Пока Нико отсутствовала, я решил размять ноги и удовлетворить своё любопытство, рассматривая зал. Сначала в глаза бросились письма, лежавшие на тумбе. Я не удержался и пробежался по ним пытливым взглядом. Первым было длинное послание от старшей сестры Нико, весьма поэтично описывающее меня: «Высокий темноволосый мужчина, по виду чуть старше тридцати. Его тёмные глаза миндалевидной формы с сильно опущенными внутренними уголками чересчур спокойные, словно ничто их не может удивить. Губы сильно сжаты, из-за чего женственная припухлость сверху кажется у́же».

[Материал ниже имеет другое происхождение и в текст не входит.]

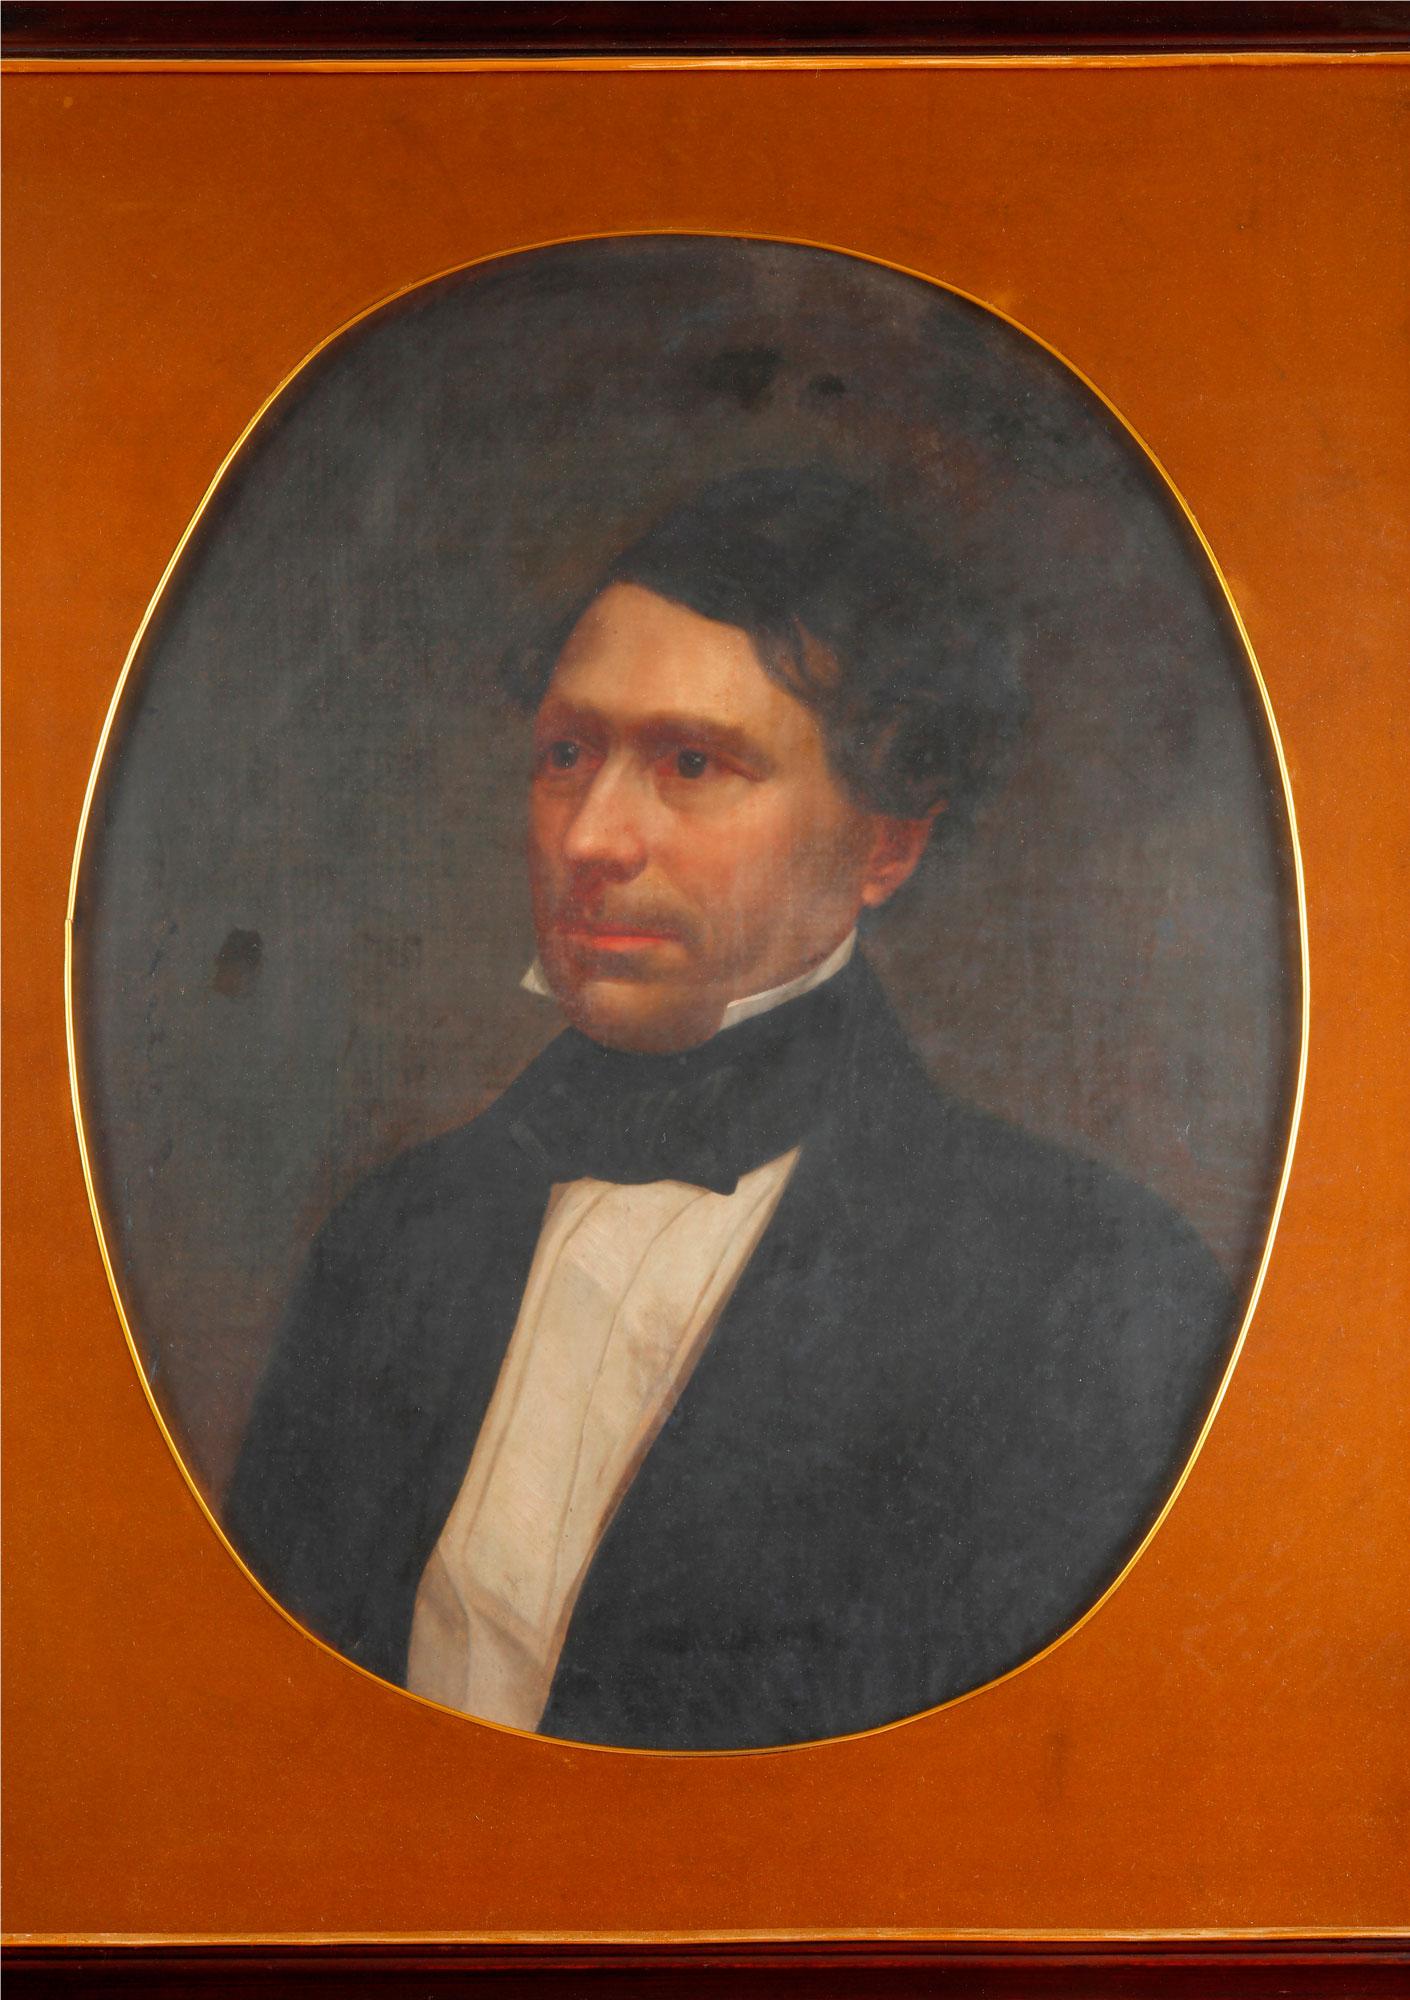 Portrait of Franklin Pierce Unknown Artist Gift from President Franklin Pierce to Second King Pinklao, 1856 98 x 84 cm Courtesy of the Fine Arts Department of Thailand  ภาพเหมือนประธานาธิบดีแฟรงกลิน เพียร์ซ ศิลปินไม่ทราบชื่อ ของขวัญจากประธานาธิบดีแฟรงกลิน เพียร์ซ ทูลเกล้าฯ ถวายแด่พระบาทสมเด็จพระปิ่นเกล้าเจ้าอยู่หัว พ.ศ. ๒๓๙๙ ๙๘ x ๘๔ ซม. ได้รับความอนุเคราะห์จากกรมศิลปากร

Так красиво меня бы и покойная мать не описала. Впрочем, любовью ко мне она и не пылала, из неё нельзя было вытянуть и нескольких строк. Мне думается, что из-за этой холодности я так спокойно вдарился в своё ремесло.
Затем я стал рассматривать фотографии в резных рамках, замершие то на стенах, то на покрытой пылью мебели. Вот, видимо, первые шаги Нико и узорчатые пелёнки. А здесь худощавое тельце, прижимающееся к девочке постарше, в которой угадывается сестра хозяйки дома. Непослушные длинные волосы в сухой траве и чёрно-белые очертания юного профиля. Это безошибочно Нико. Её накрашенные губы, игриво почти прижимающиеся к плечу, и смеющиеся глаза. На всех фотографиях только она, и лишь изредка появлялись изображения старшей сестры. И больше никого, словно они потерянные девочки в мире проявленной плёнки.
И тут эта фотография, неумело вставленная в корявую рамочку. На ней женщина в цветастом платье и фоном расположившиеся позади неё хвои. Она слегка прикасается к своему округлившемуся животу. Вот только черты лица засвечены, но я прекрасно знаю, кого скрывает этот дефект.
— Наигрались в сыщика? — спросила Нико, подходя ко мне.
Конечно, следит — это не её кот на охоте, а она сама.
— Лишь удовлетворил своё любопытство, — мягко пояснил я.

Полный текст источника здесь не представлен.